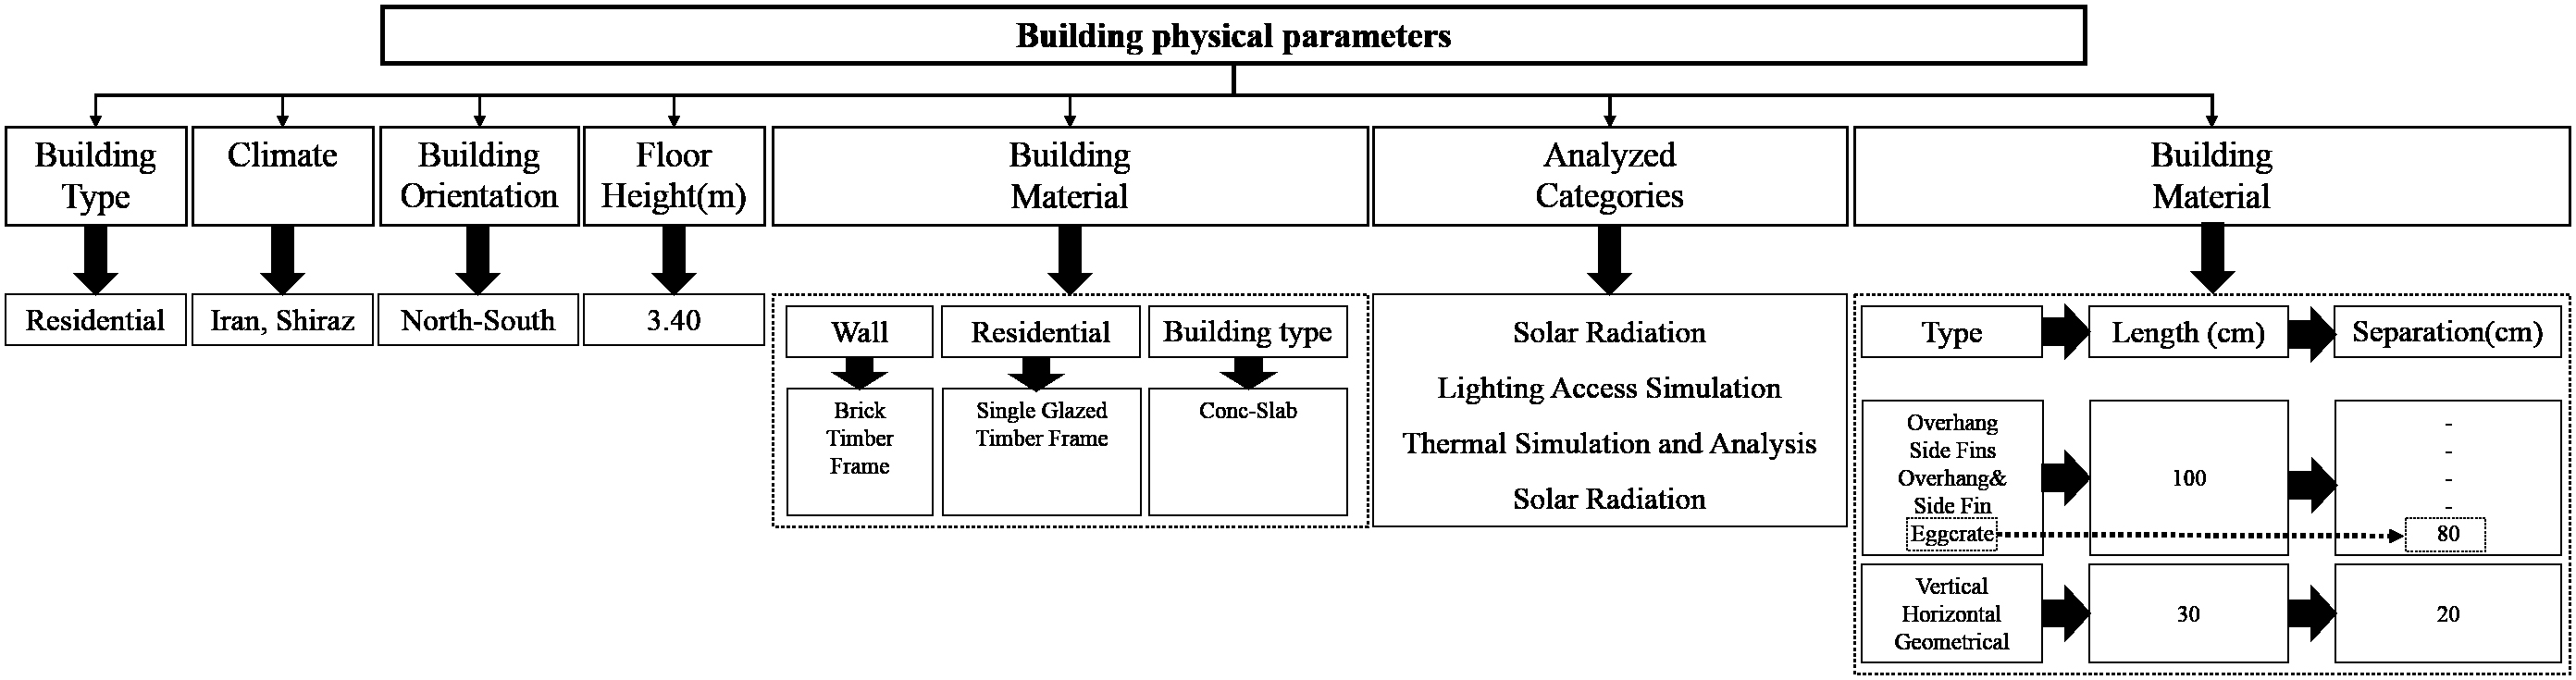 Building physical parameters for the models used in the simulations.
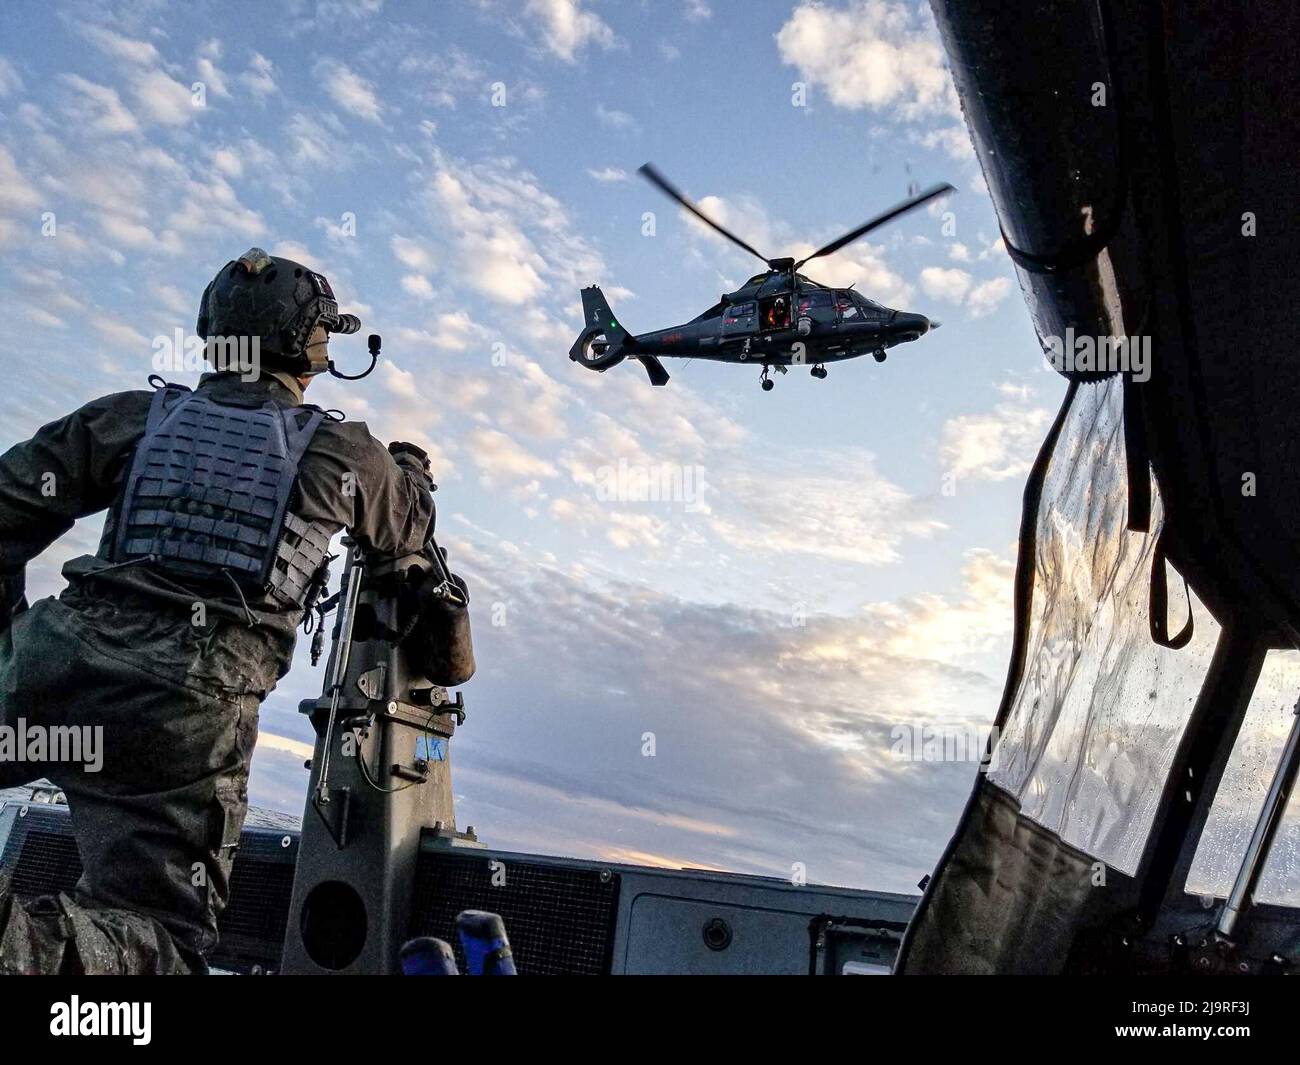 A member of U.S. Naval Special Warfare Task Unit Europe (NSWTU-E) guides a host nation MEDEVAC air asset on final approach to conduct a hoist at sea during Exercise Trojan Footprint 22 in Lithuania, May 3, 2022. Trojan Footprint is the premier Special Operations Forces (SOF) exercise in Europe that focuses on fortifying military readiness, cultivating trust and developing lasting relationships which promote peace and stability throughout Europe. (U.S. Army photo by Sgt. Stanford Toran) Stock Photo
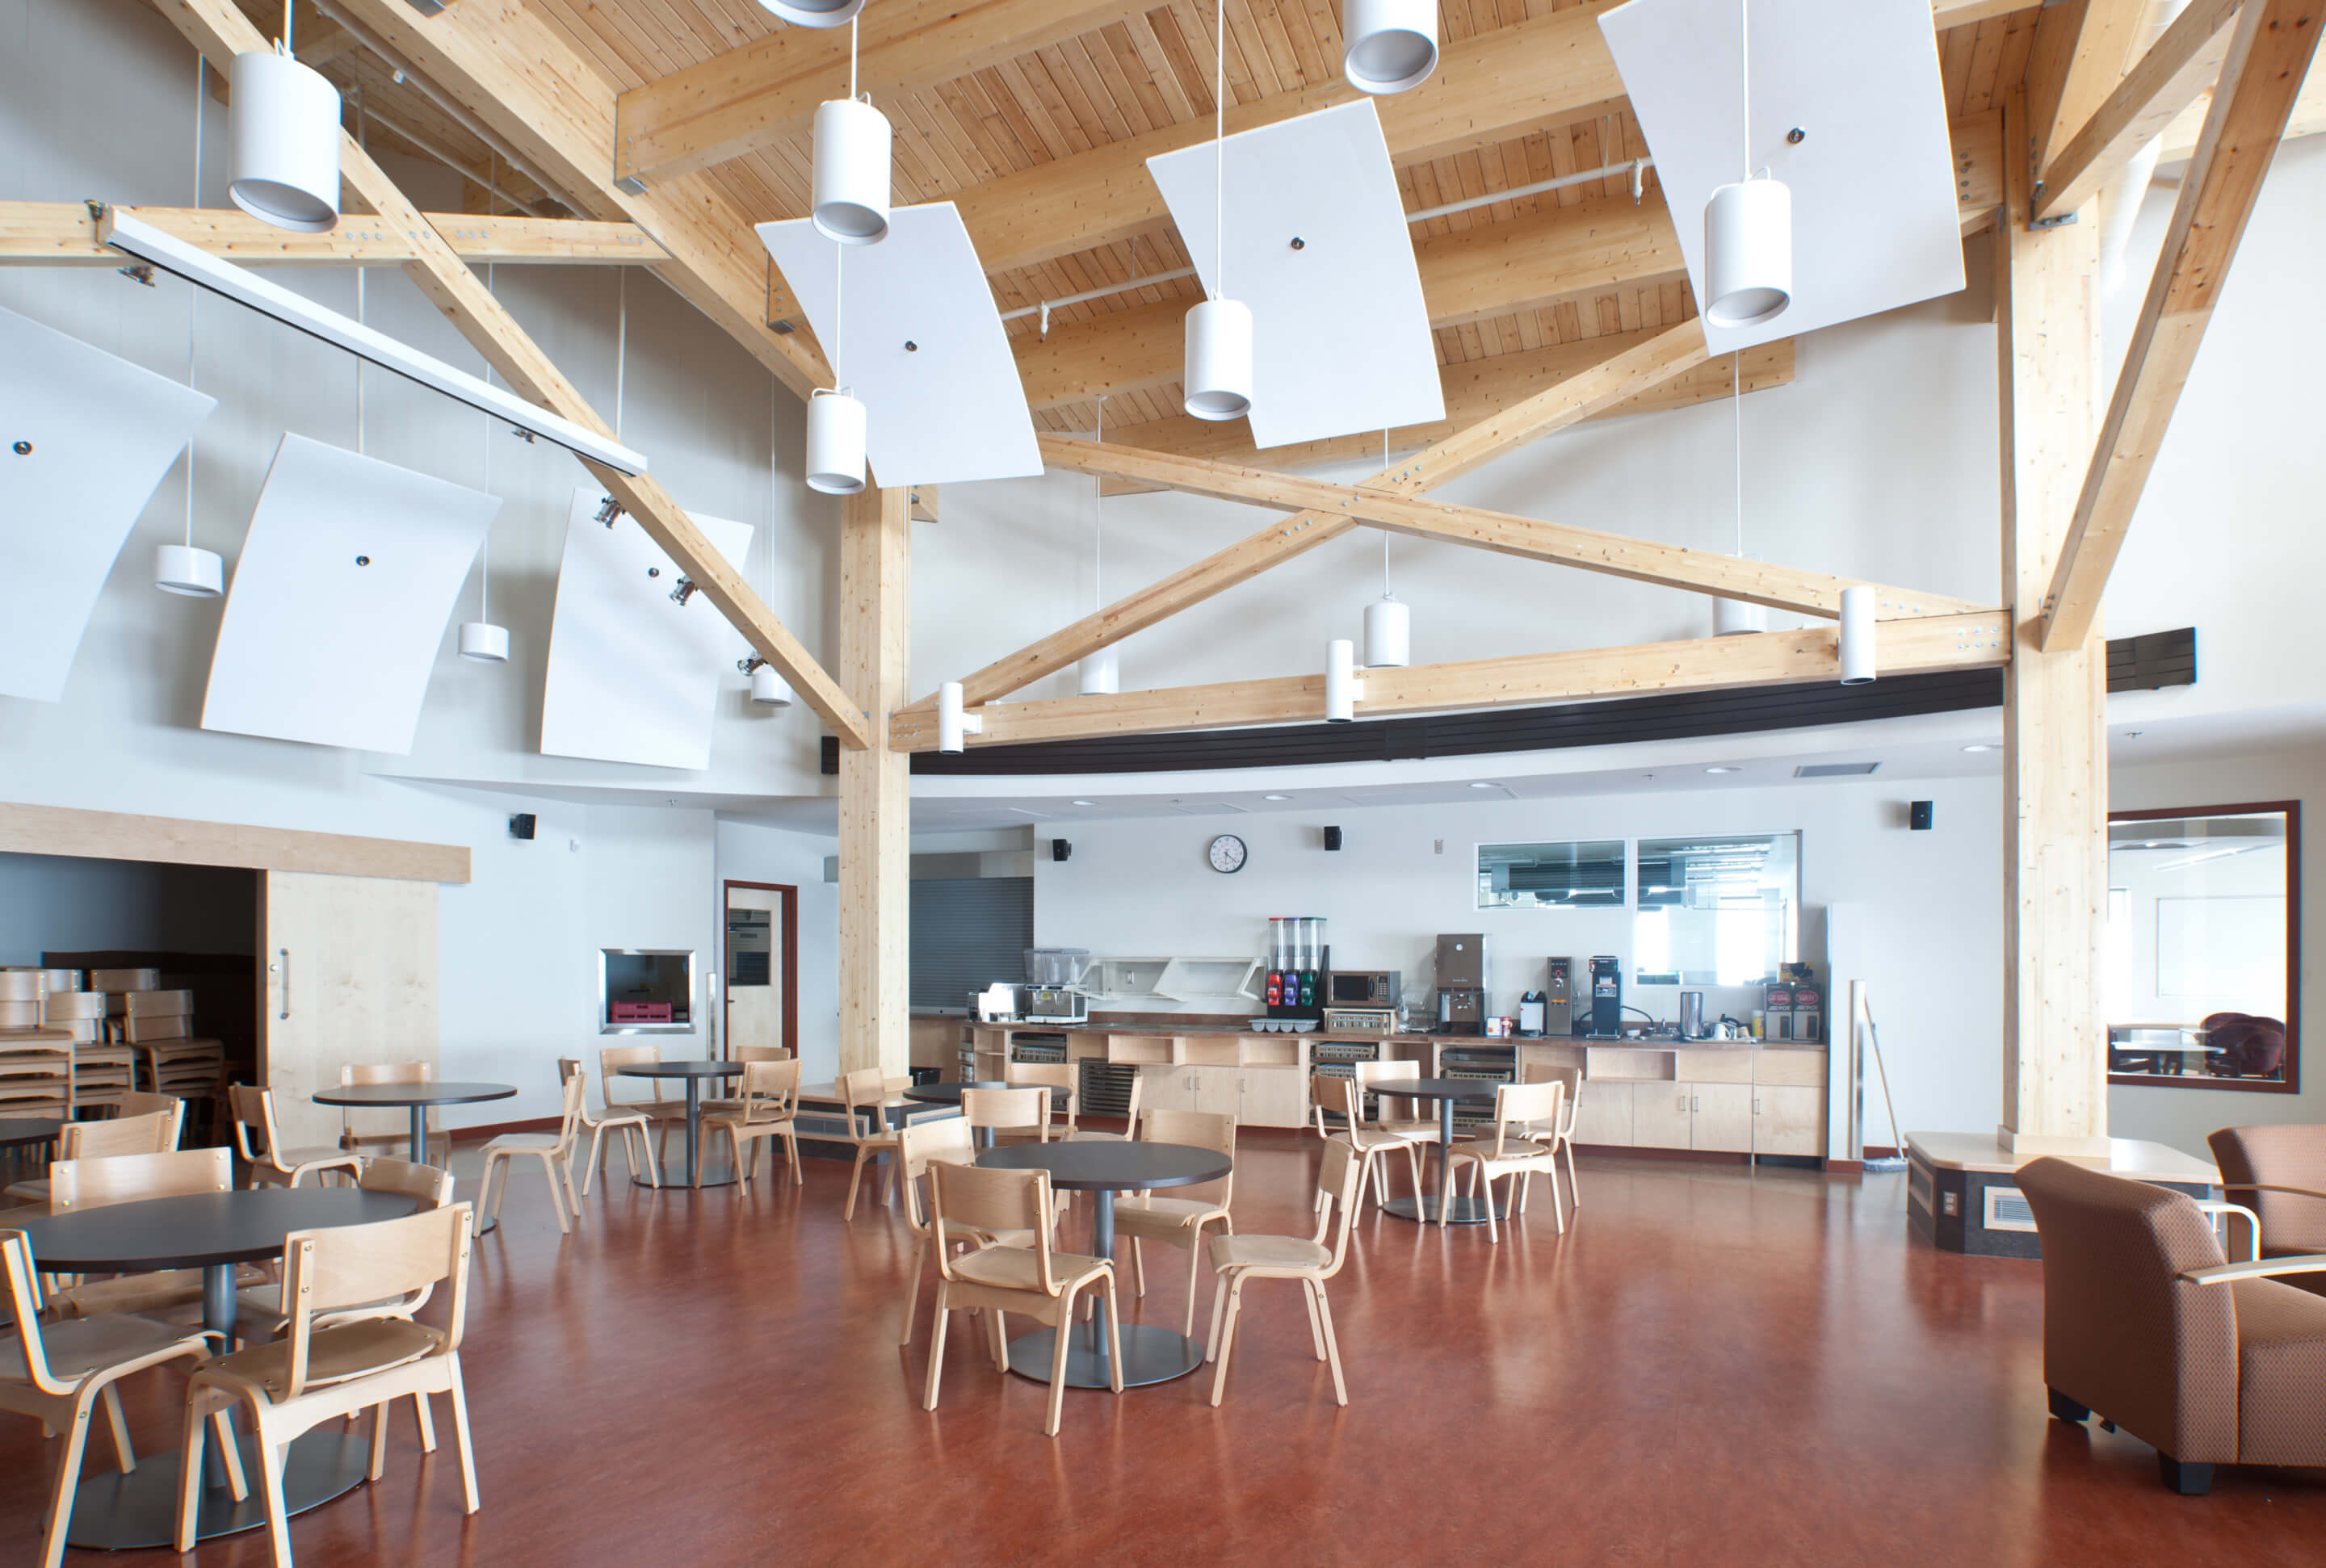 interior of a timber conference room with glulam beams

→ Prompt
Retype the whole listing, keeping every line identical and omitting all pictures.

→ Exercise answer
 Building physical parameters for the models used in the simulations.
 A member of U.S. Naval Special Warfare Task Unit Europe (NSWTU-E) guides a host nation MEDEVAC air asset on final approach to conduct a hoist at sea during Exercise Trojan Footprint 22 in Lithuania, May 3, 2022. Trojan Footprint is the premier Special Operations Forces (SOF) exercise in Europe that focuses on fortifying military readiness, cultivating trust and developing lasting relationships which promote peace and stability throughout Europe. (U.S. Army photo by Sgt. Stanford Toran) Stock Photo
 interior of a timber conference room with glulam beams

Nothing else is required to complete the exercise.